We were confused about where to park and as a result we ended up at the far side of the office building away from the main entrance of the conservatory. This turned out to be the best possible start to the day.
Walking back to the entrance we discovered eight brilliant mosaic panels illustrating the ecosystems of the state of Michigan. The individual panels are around 3’ x 3’ and are the work of Yulia Hanasen, a second generation mosaic artist. Made of Vitreous glass tiles, stain glass and dimensional elements of glass marbles and stone, all hand cut, took 535 hours to complete. Yulia worked with 47 volunteers to complete this remarkable project.
Each panel illustrates a different ecosystem. Just look at this remarkable work.

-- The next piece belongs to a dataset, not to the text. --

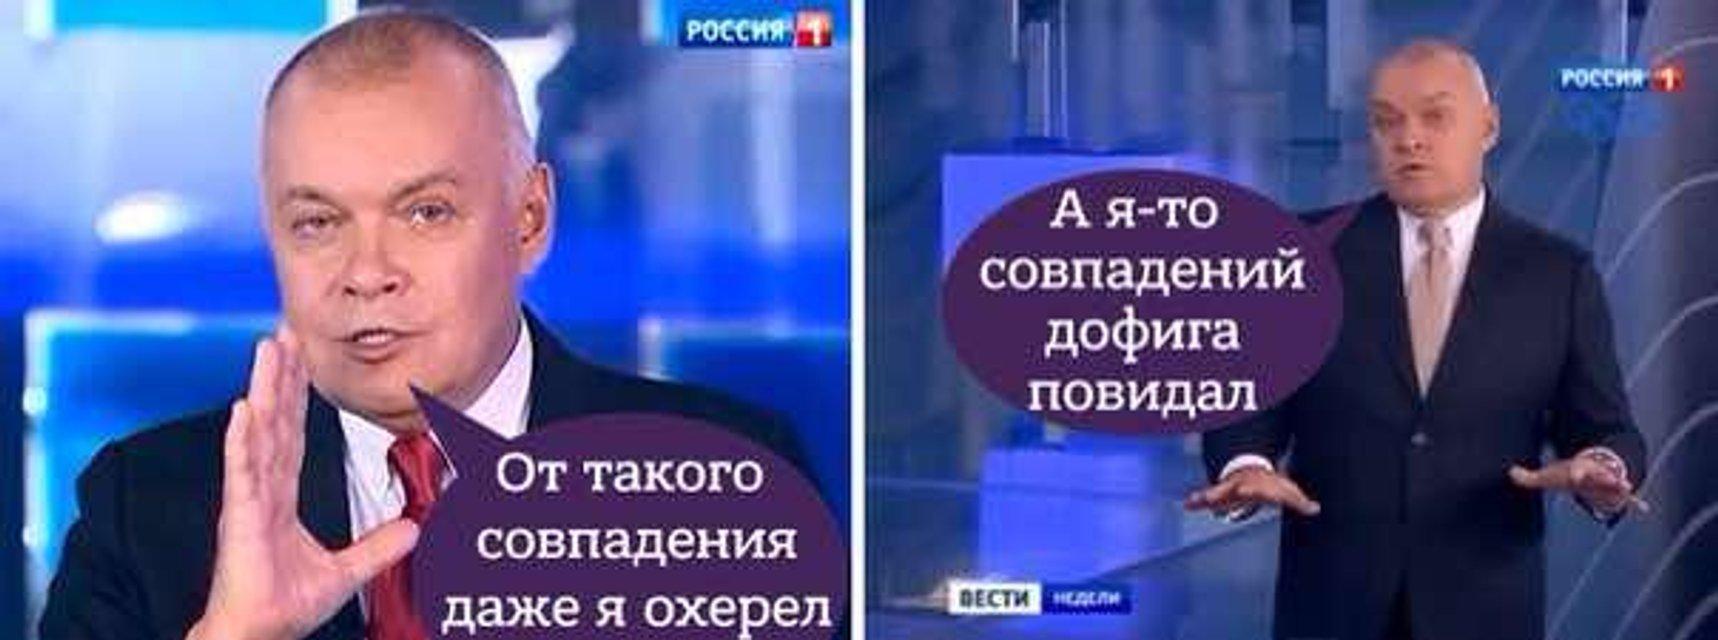 Гиви и Захарченко проголосуют на выборах: фотофакт - фото 177560

I was unfamiliar with the concept of Alvar as a landscape description but I learned it is a grass- and sedge-dominated place, with scattered shrubs and sometimes trees. The name “alvar” is derived from a Swedish word for similar landforms near the Baltic Sea.

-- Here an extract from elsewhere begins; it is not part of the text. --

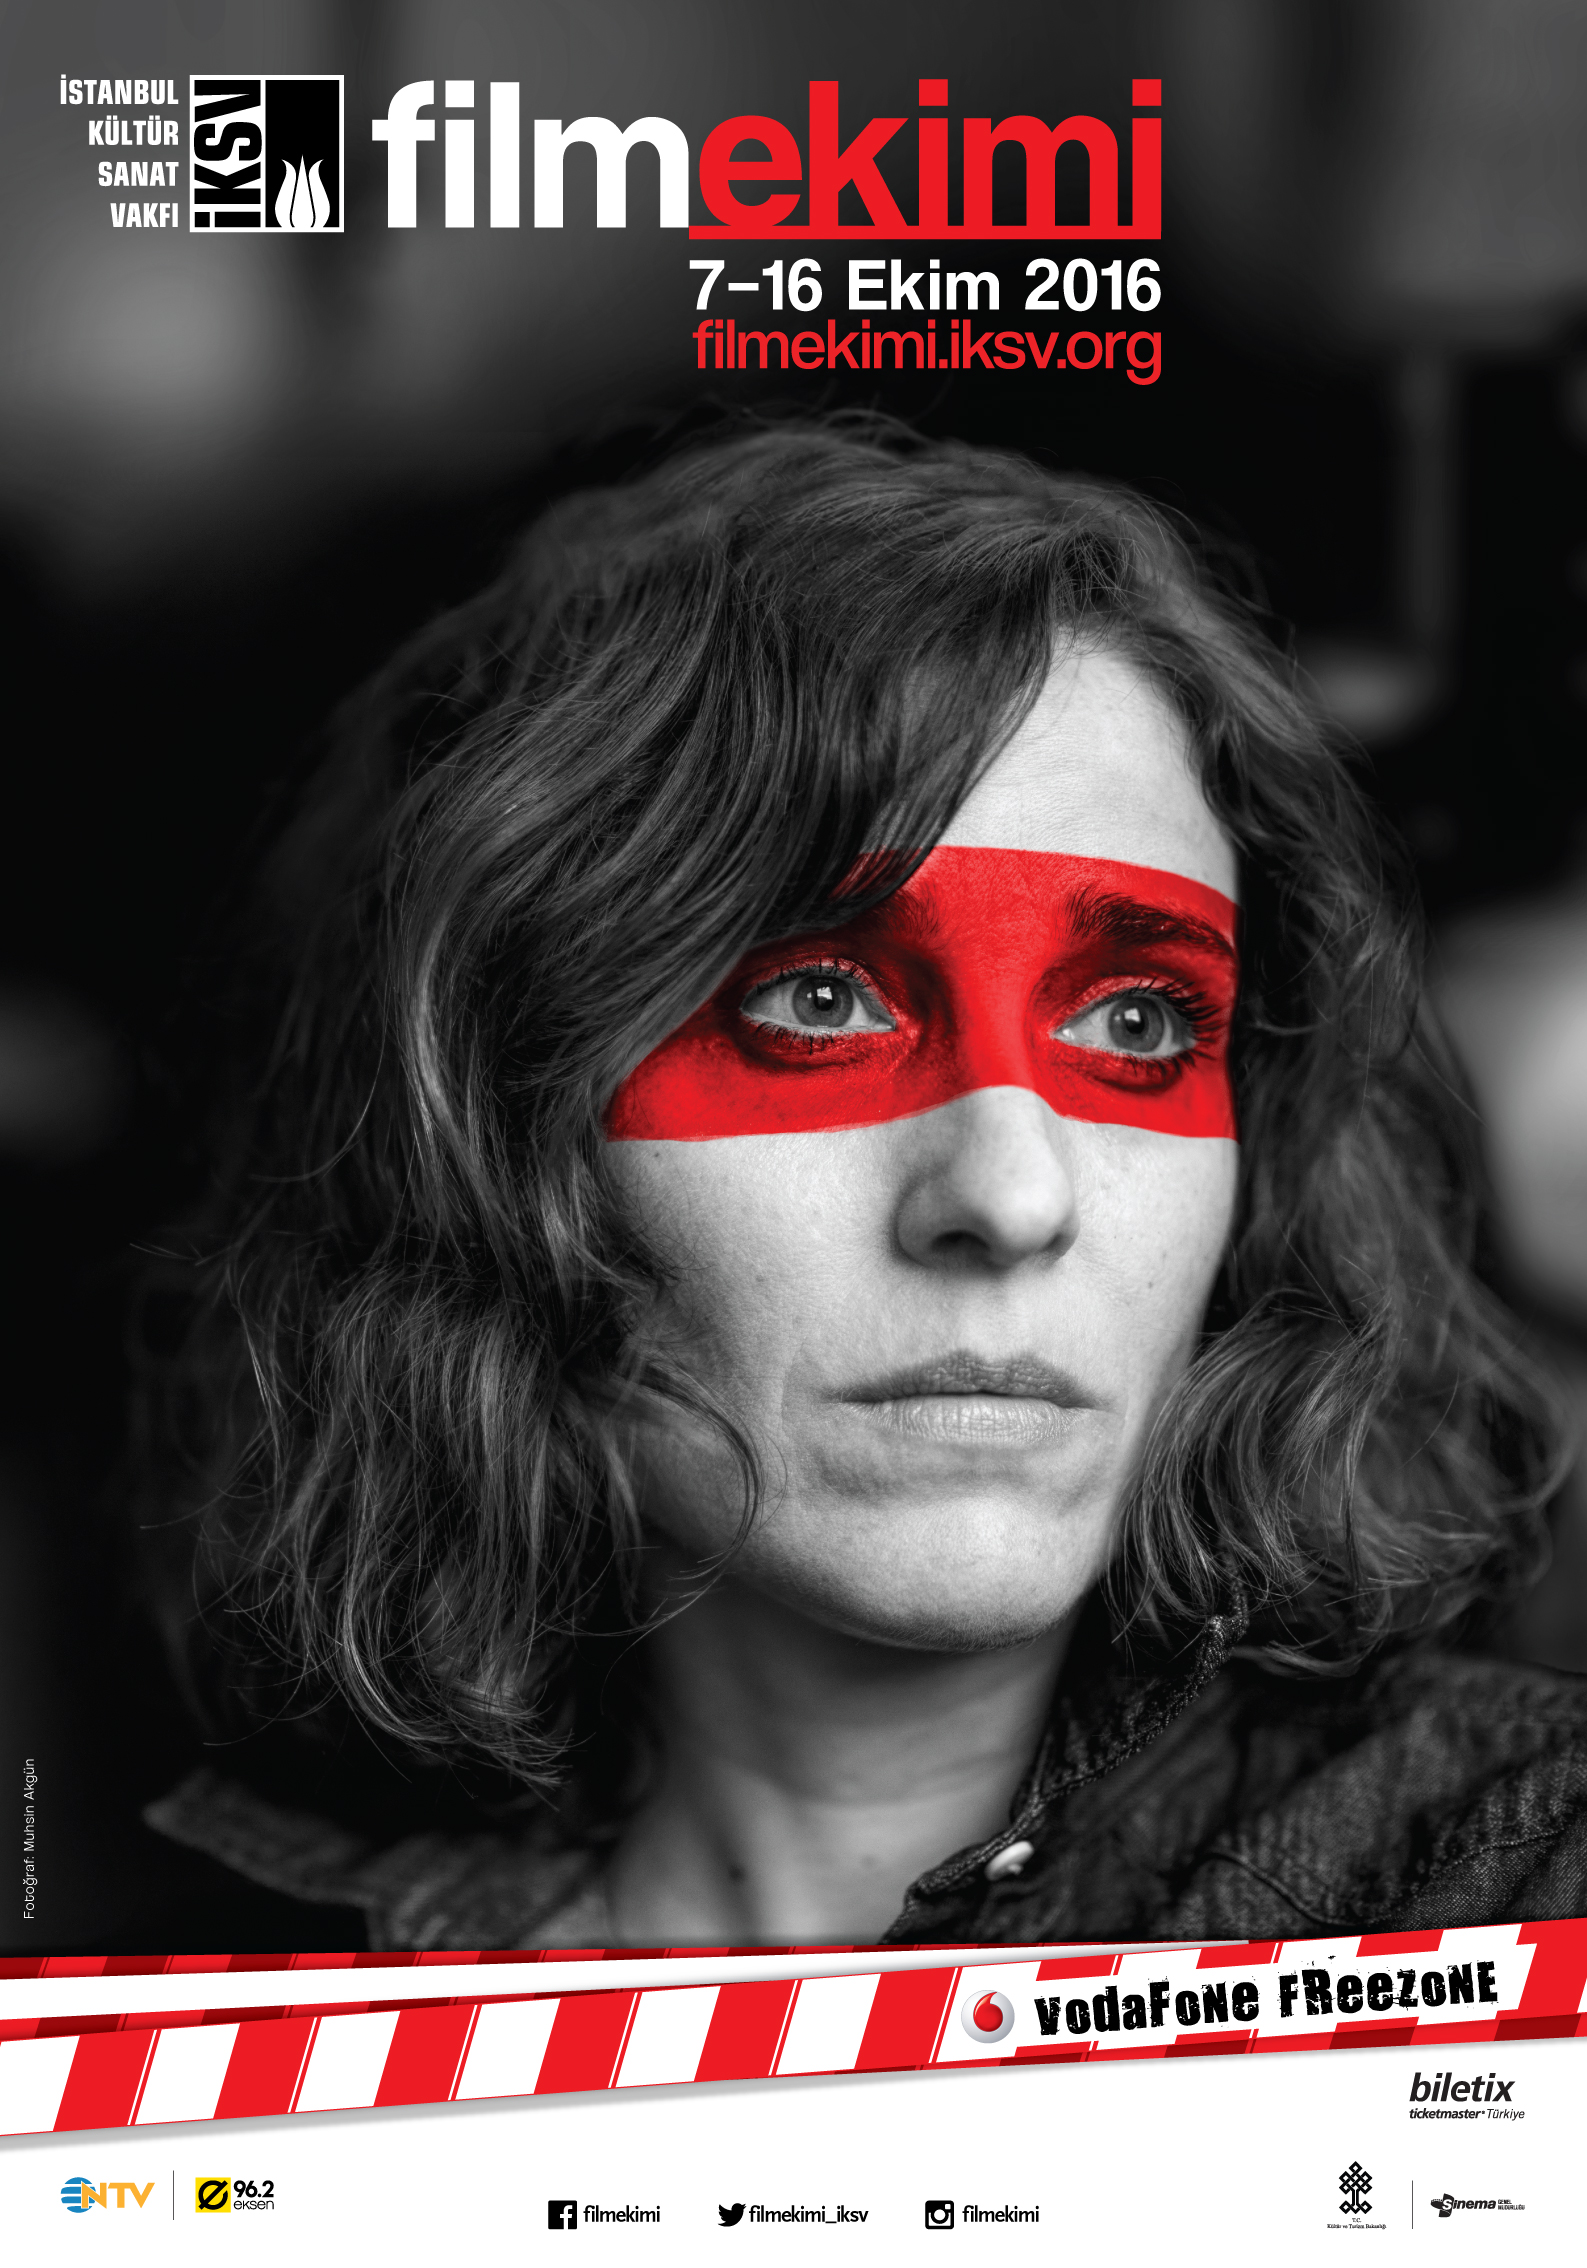 filmekimi-poster-1

These renditions of the Great Lakes ecosystem landscapes are even more impressive close up. You can see the individual pieces, the dimensional elements of the protruding rocks and glass marbles. Here are some closeups of the panels.
Once I completed (with some great effort) a simple flower pot mosaic kit purchased from the craft store. I was shocked by the mess, the fiddly pieces and the uneven results I managed to produce. Seeing this incredible mosaic work I was in awe of the detailed imaginative beauty the artist,Yulia Hanasen and her volunteers produced.

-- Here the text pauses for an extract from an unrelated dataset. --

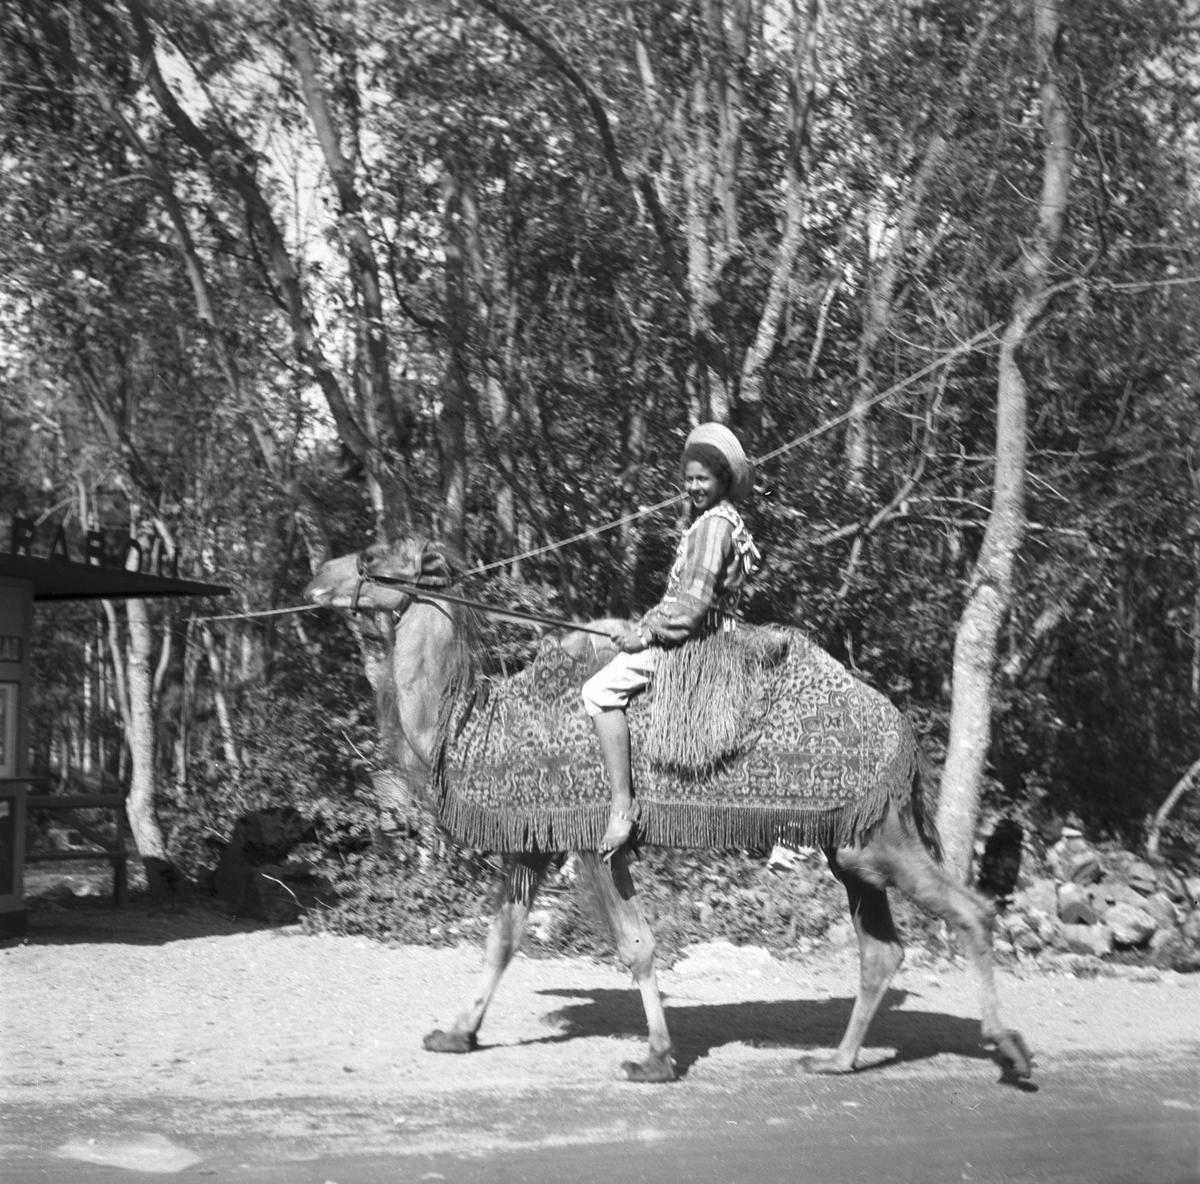 Furuvik. Kamel

I couldn’t imagine the garden could hold anything better than this wonderful art work but of course I was wrong. This is a wonderful garden with an excellent teaching conservatory filled with excited school children and volunteer docents introducing them to the plants in the garden.
Outside in the garden I found even more wonderful art pieces beginning with the entry gates to the Gateway Garden.
One of two bluestone fountains create wonderful sound in the Gateway Garden.
These are permanent pieces in the garden but the affiliation with the University allows for rotating exhibitions by both faculty and students. All of these are wonderful elements in the garden but the mosaic illustrations are inside the garden gates in the very living plants and gardens you wander through. Every garden surprises me.